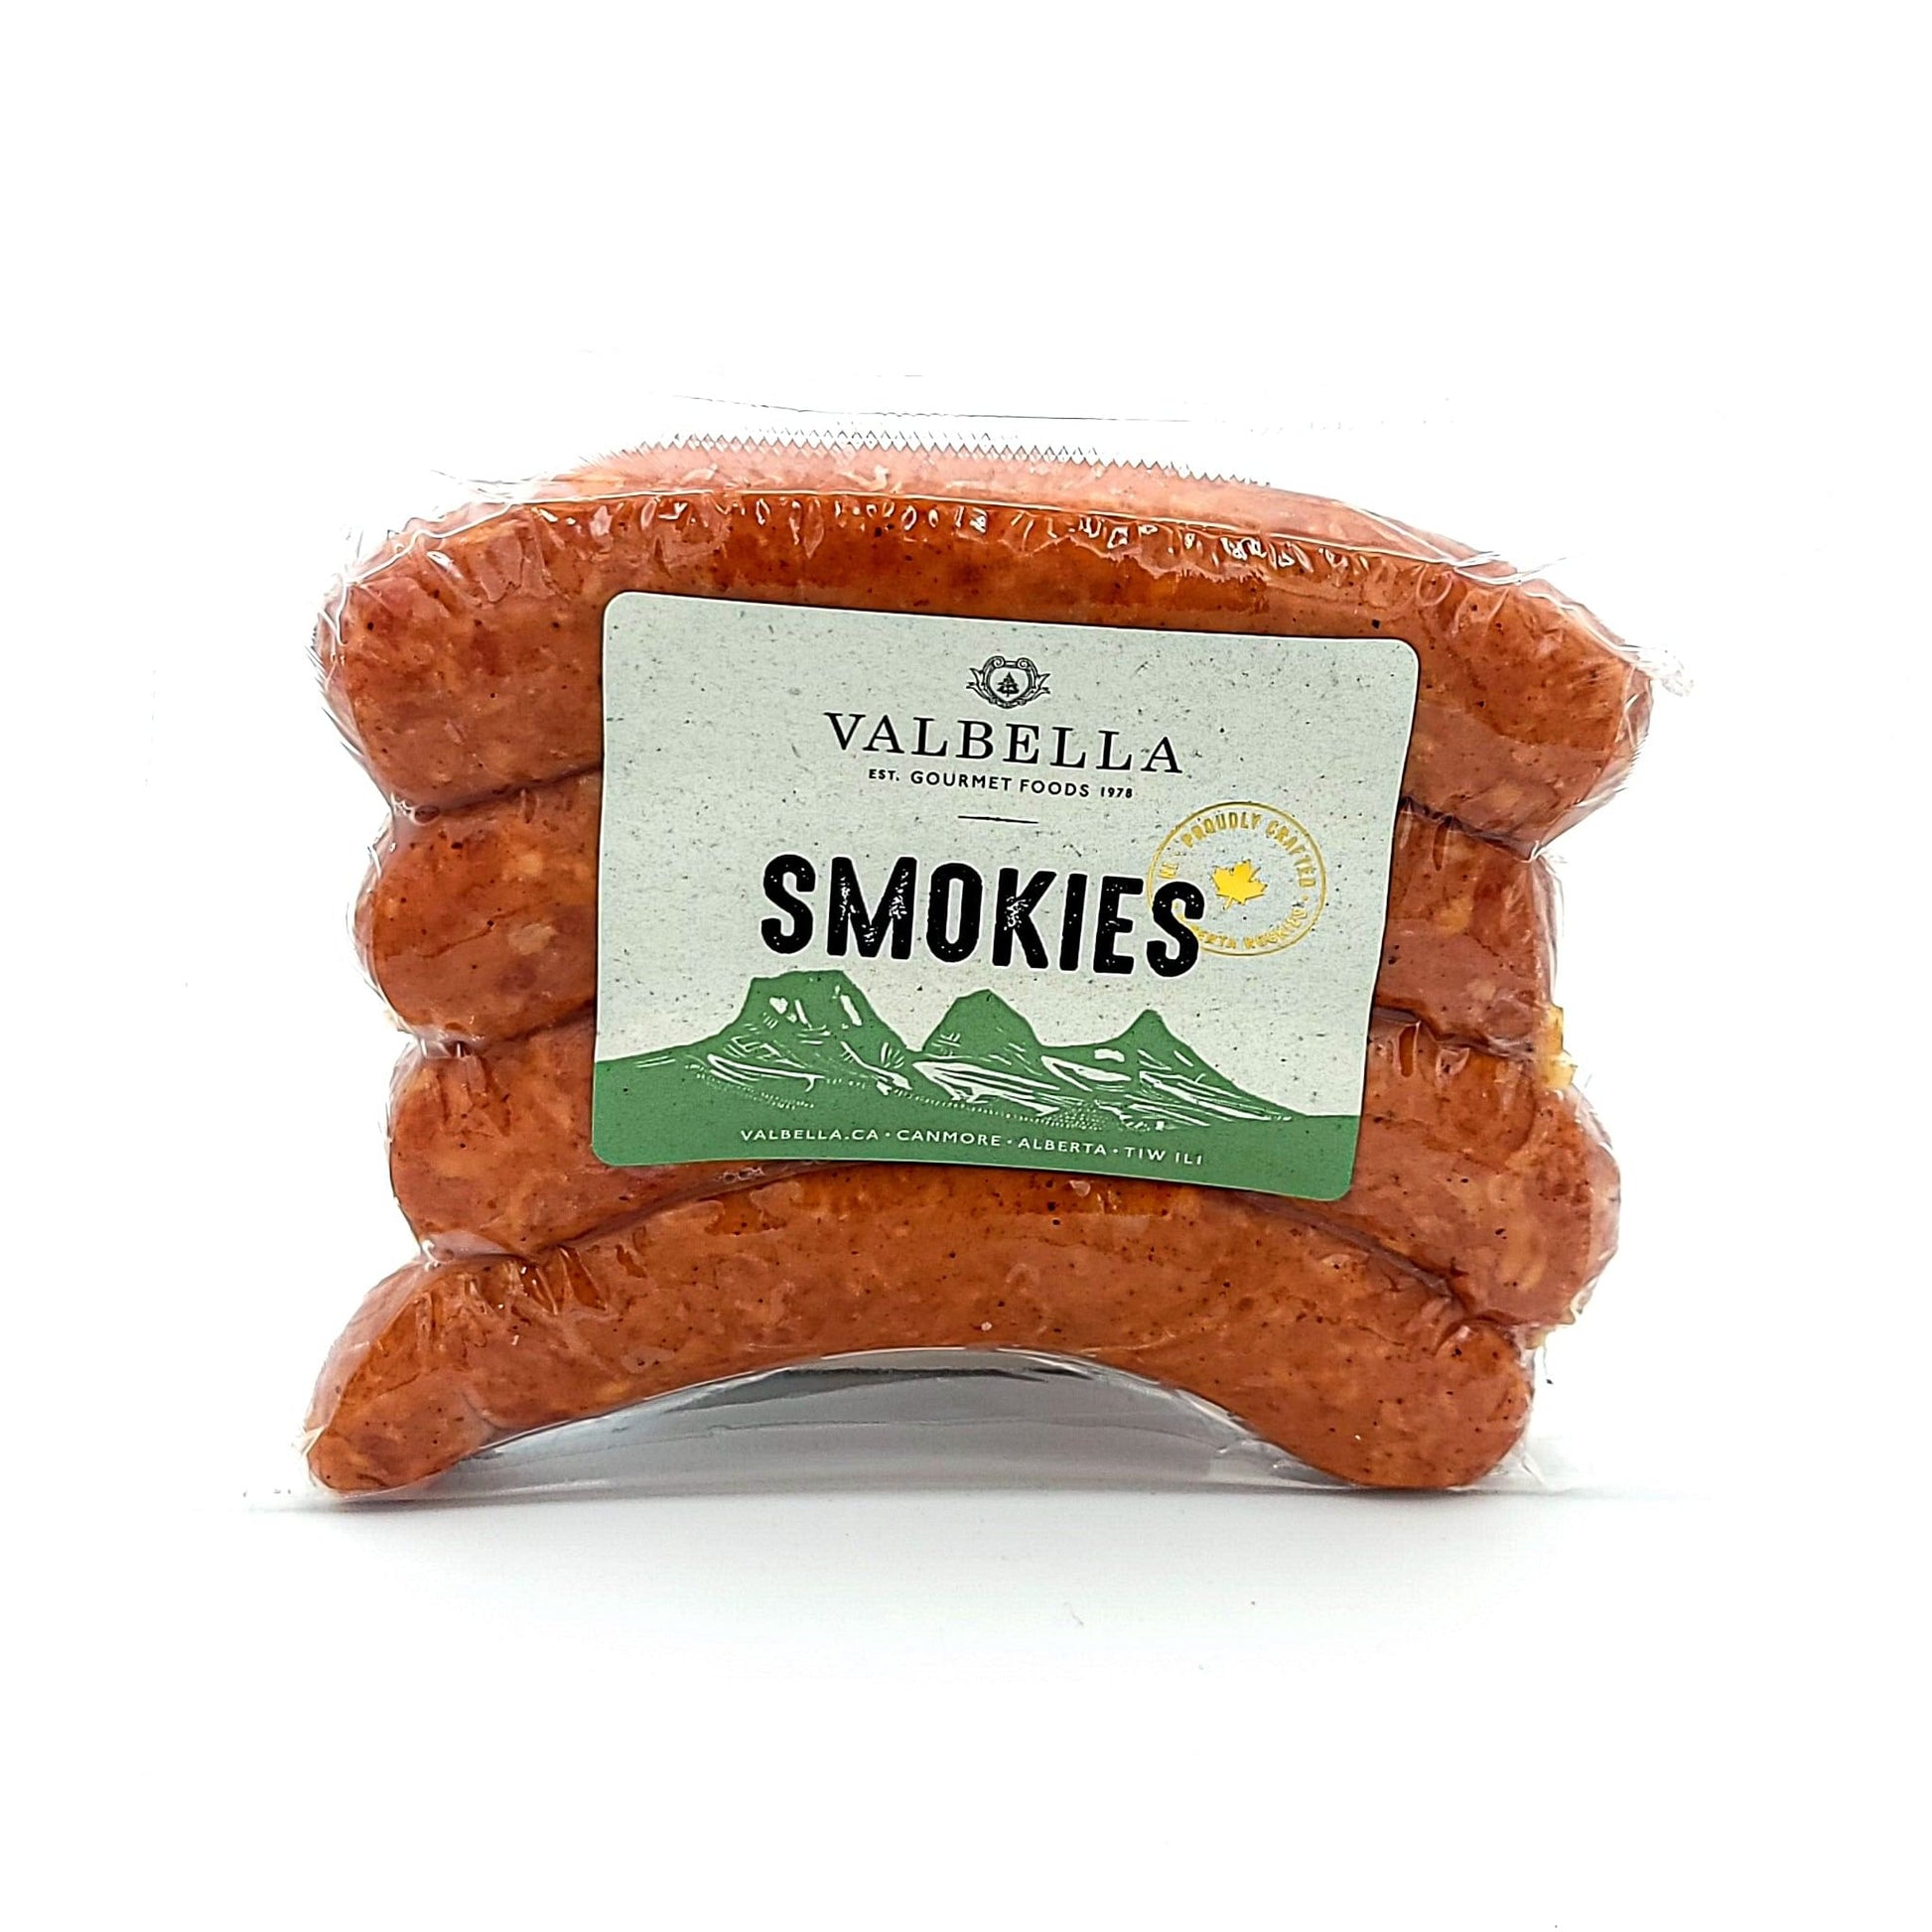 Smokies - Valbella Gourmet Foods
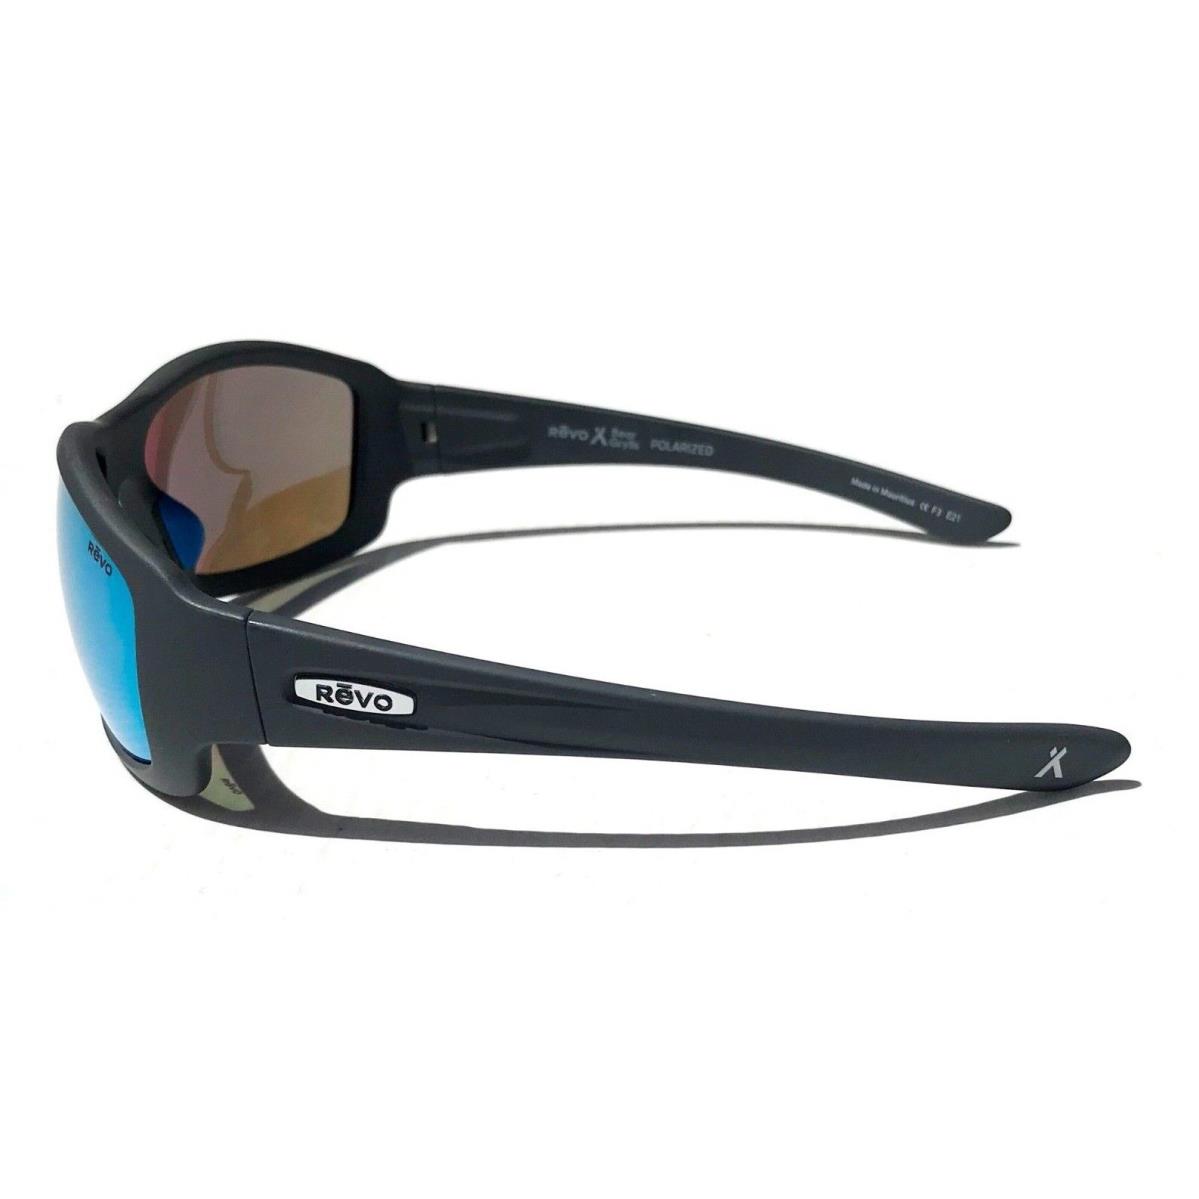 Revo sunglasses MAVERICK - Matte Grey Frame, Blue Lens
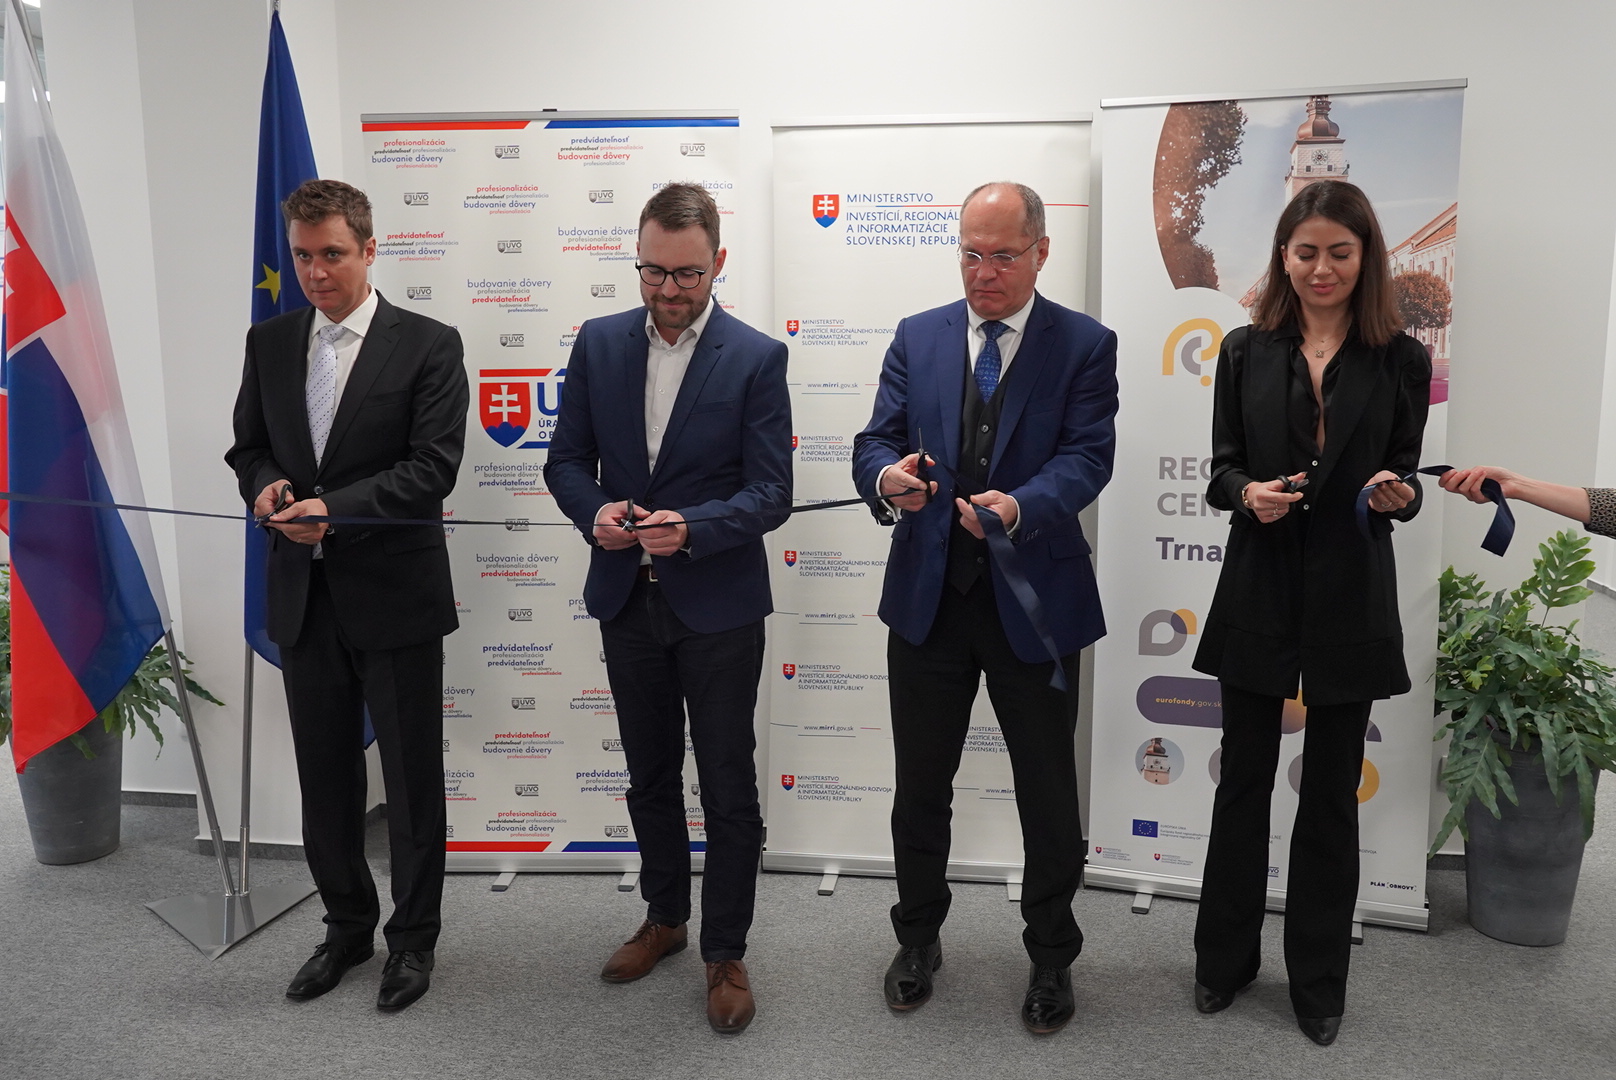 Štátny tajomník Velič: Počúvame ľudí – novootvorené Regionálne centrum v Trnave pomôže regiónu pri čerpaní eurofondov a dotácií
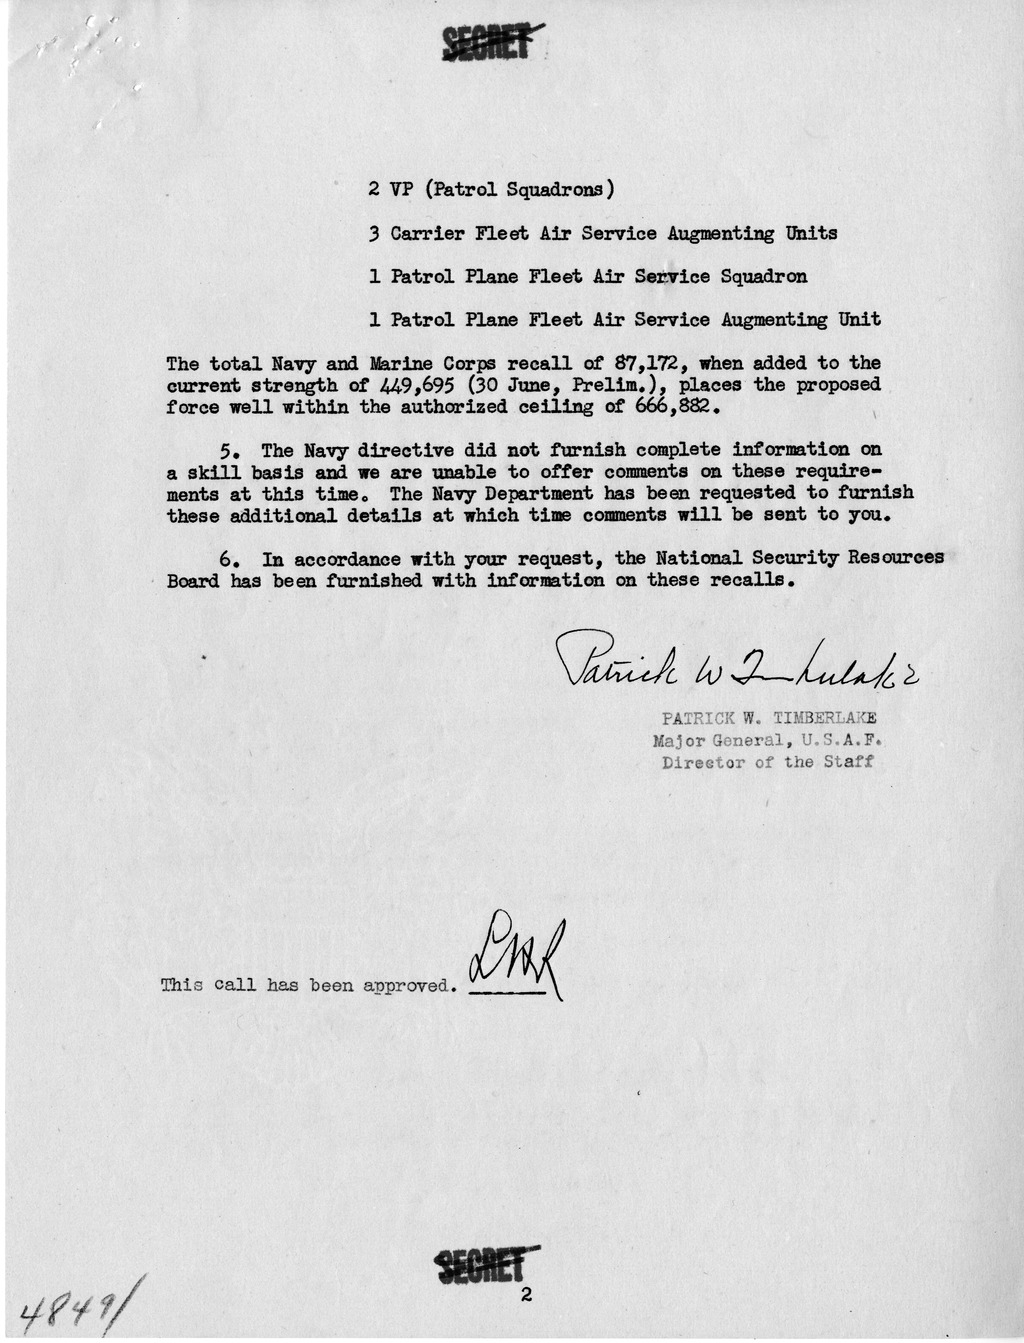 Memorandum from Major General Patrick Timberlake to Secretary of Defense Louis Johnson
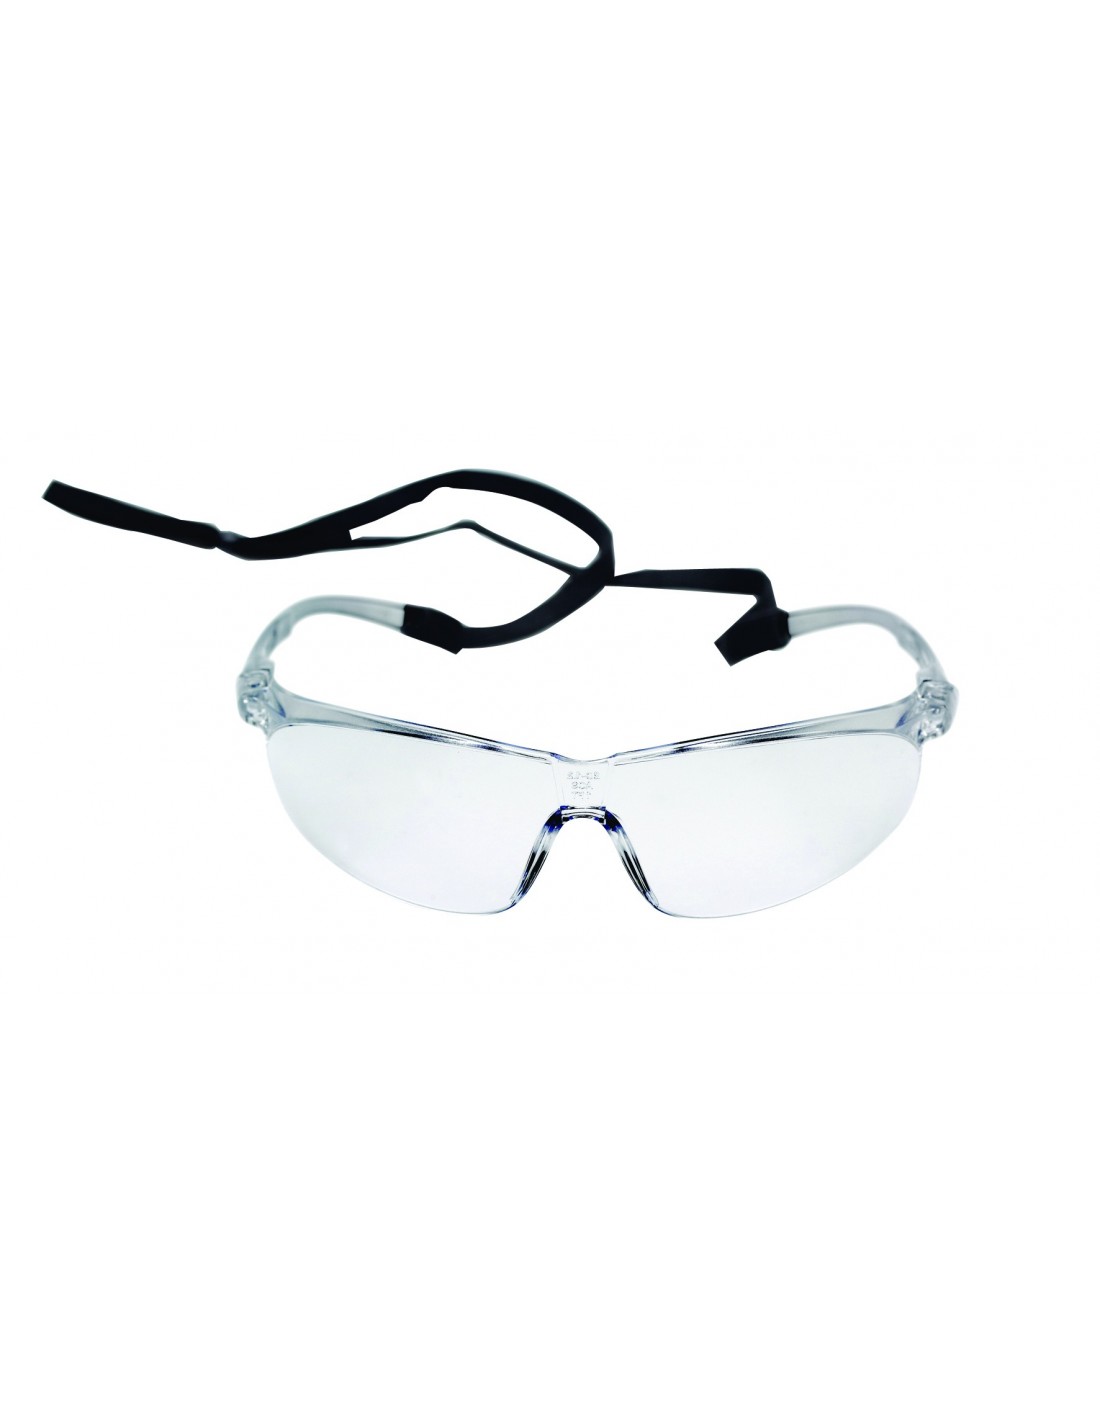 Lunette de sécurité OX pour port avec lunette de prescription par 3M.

************

Output the listing exactly, without images.

 Smokies - Valbella Gourmet Foods
 Revo sunglasses MAVERICK - Matte Grey Frame, Blue Lens
 Štátny tajomník Velič: Počúvame ľudí – novootvorené Regionálne centrum v Trnave pomôže regiónu pri čerpaní eurofondov a dotácií
 Memorandum from Major General Patrick Timberlake to Secretary of Defense Louis Johnson
 Lunette de sécurité OX pour port avec lunette de prescription par 3M.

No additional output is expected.